PASADENA - Welcome, friends, to the executive session that was never supposed to take place.
TCA members were unhappy.
CBS decided to schedule a brief and last-second executive session with Tassler.
I don't mean to suggest causality between those last two sentences. I'm sure it's totally coincidental.
It is true, though, that CBS has been TV's most-watched network for almost the entire duration for my time on this job, which means that the network doesn't have the same number of failures or big gambles as the other networks and that can mean controversy-free executive sessions, which aren't necessarily high in drama
But perhaps this morning will be different. Click through....
8:29 a.m. We almost didn't get this panel, but instead it's been scheduled for a very early-morning slot and it promises to only be a truncated 20 minutes.
8:32 a.m. "You spoke, we listened," Tassler says, regarding the previous absence of executive session. She explains that this is a forum that makes her nervous. It's unclear what to make of that, since she's been doing this with us for years. She begins by trumpeting the success that CBS has had this past year and whatnot. "It really wasn't a sign of disrespect," she swears.
8:34 a.m. CBS has no announcements at all this morning. "We are very proud of the success this year," Tassler says, before praising the "Two and a Half Men" rebooting, plus the addition of Elisabeth Shue to "CSI." She keeps calling Shue "Lisa," which I guess is how she's known to friends.
8:35 a.m. Tassler knows her SEO keywords and she makes sure to thank Tim Tebow, who gave CBS a huge ratings bump this past weekend. Anyway, though, CBS is up year-to-year and CBS is No.1 in everything that matters to CBS. So there you go!
8:37 a.m. Tassler is still giving her opening statement, meaning that we're going to have only 13 minutes of questions for her.
8:37 a.m. "We do hear from a lot of viewers about the overruns, but that means we have a very passionate and engaged audience," Tassler says of the fall NFL impact on "The Good Wife." She still feels that the shift to Sunday was a very good move and that the audience is upscale and engaged and that "Good Wife" fits well on Sunday.
8:39 a.m. Tassler praises that writers and cast of "NCIS" for showing continued growth after all of these years, praising "the balance in tone, style." She says the show is in its "later years," but I think she just means "later" rather than "earlier."
8:40 a.m. What's up with "The 22"? "Everything is fine and it's probably going to have a later spring launch," she says, noting that the police drama was pushed to later in spring because of the strength of the fall. Yes. Just like "Miami Medical" and "Chaos."
8:40 a.m. Is the network taking a hands-off approach to "2 Broke Girls," since it's a hit? "We have a really great working relationship with Michael [Patrick King]," Tassler says, adding that it's the network's policy to try to give showrunners the chance to find their shows. She uses "Big Bang Theory" as her example of a show that dimensionalized characters gradually. Asked for her opinion on the diner scenes, Nina says "They're equal opportunity offenders," but again mentions dimensionalizing characters.
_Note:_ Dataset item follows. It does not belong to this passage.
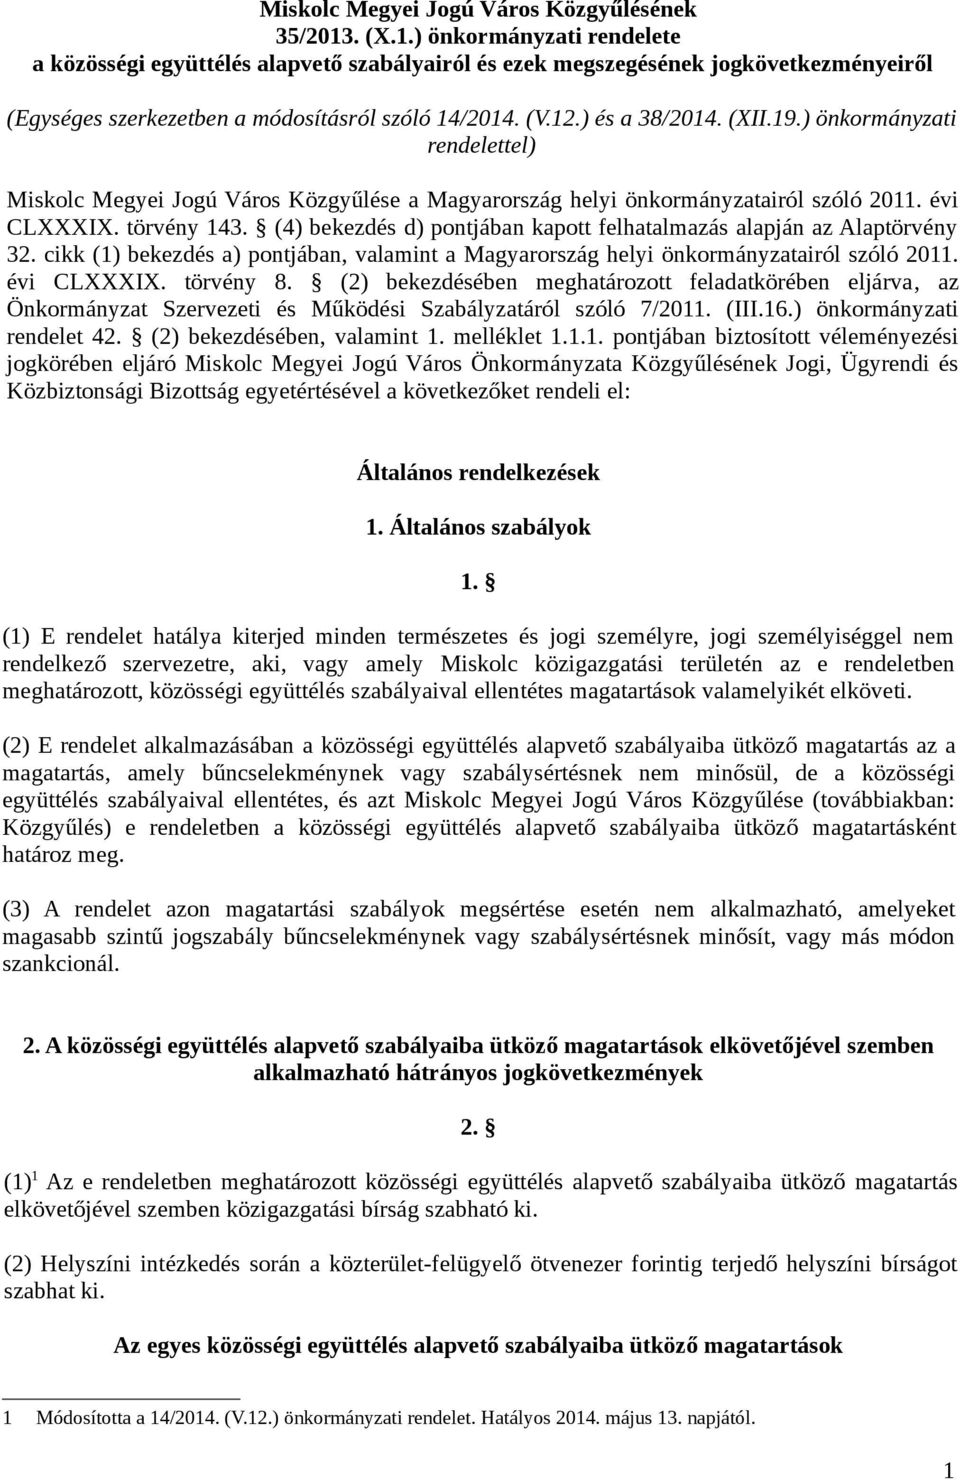 (XII.19.) önkormányzati rendelettel) Miskolc Megyei Jogú Város Közgyűlése a Magyarország helyi önkormányzatairól szóló 2011. évi CLXXXIX. törvény 143.

8:43 a.m. Is CBS looking for more competition reality? With "Survivor" and "The Amazing Race," CBS is in good shape, but the network has a heavy development slate. The network doesn't want to follow the same path the other networks are following, emphasizing shows with a greater "narrative drive."
8:44 a.m. Does Tassler think NBC is making a mistake by scheduling "The Voice" against CBS' comedies? "I don't know what that matchup is going to do," Tassler says, but she notes that a lot of people are watching TV, so everybody should still be able to get maximum exposure.
8:45 a.m. Regarding development, Tassler says that "relevance" is a major goal, trying to find characters who are relatable to audiences. The key, naturally, is "strong storytelling." She says, "Audiences need to engage with characters," calling TV "an intimate medium." She says that the network tries to present flawed characters who are on their own personal journeys, but also have a core morality. The goal is to produce shows that aren't there just for a good pilot, but for the 100th or 200th episodes. She wants showrunners who feel their shows personally. She references Jonah Nolan ("Person of Interest") as a showrunner who felt his show deeply.
8:48 a.m. Social media is important to CBS.
8:48 a.m. What challenges is CBS having programming 8:30 on Thursday? "Looking for a show that is a companion isn't limited to just another multi-camera show. It could be a single-camera show," Tassler says. But "The Big Bang Theory" is a big hit and they're dedicated to finding a companion for it. Poor "Rules of Engagement."
8:49 a.m. What happened with "The Talk"? Shows in their first season go through changes and Tassler compares those changes to changes on a sitcom or drama. "We saw an opportunity moving forward into the next season and we took advantage of it," Tassler says, though she adds that unlike on a scripted show, you don't need to give explanation for those changes. She says that there may be continued evolution over time. "It's sorta par for the course," Tassler adds, praising the content and the "spirited" discussion.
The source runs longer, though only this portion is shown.